O carrasco mascarado do EI, cuja voz e o sotaque sugerem que seja o mesmo a executar os outros reféns – o rapper inglês Abdel-Majed Abdel Bary, de 23 anos, de acordo com suspeitas -, afirma que, se Cameron continuar a obedecer os Estados Unidos, irá “apenas arrastar seu povo a outra guerra sangrenta e impossível de vencer”. “Nós aproveitamos esta oportunidade para alertar aos governos que entraram nesta aliança da América contra o Estado Islâmico para se afastar e deixar o nosso povo em paz”, conclui.
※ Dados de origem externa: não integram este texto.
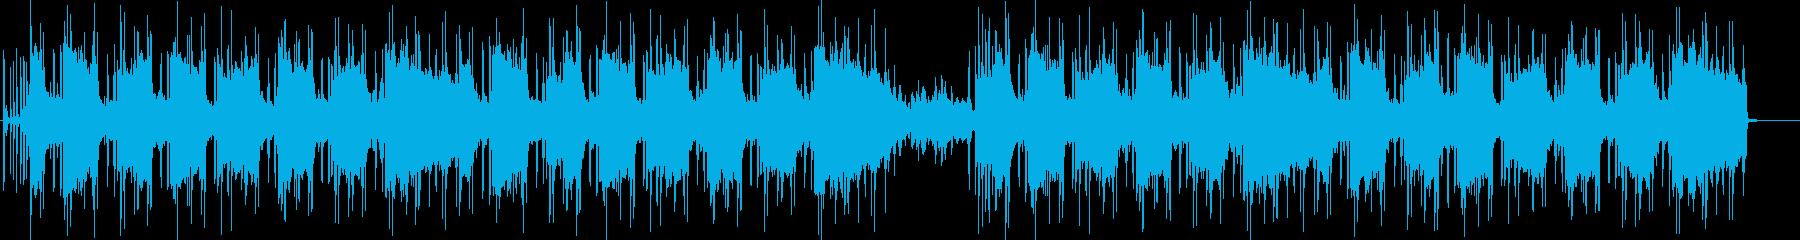 クールなLo-Fi HipHopオルガンの再生済みの波形

Após a divulgação do vídeo, David Cameron postou no Twitter uma mensagem de repúdio ao ato e de apoio aos familiares. “O assassinato de David Haines é um ato de pura maldade. Meu coração está com sua família, que mostrou coragem e força extraordinárias. Faremos tudo em nosso poder para acabar com esses assassinos e garantir que eles encarem a justiça, independente de quanto tempo levar”, escreveu ele.

Em nota, o presidente americano Barack Obama chamou o assassinato de bárbaro e garantiu que os Estados Unidos trabalharão com a coalizão de países que está junta no combate ao EI. “Os Estados Unidos estão ombro a ombro esta noite com nosso amigo e aliado próximo em seu luto”, solidarizou-se Obama.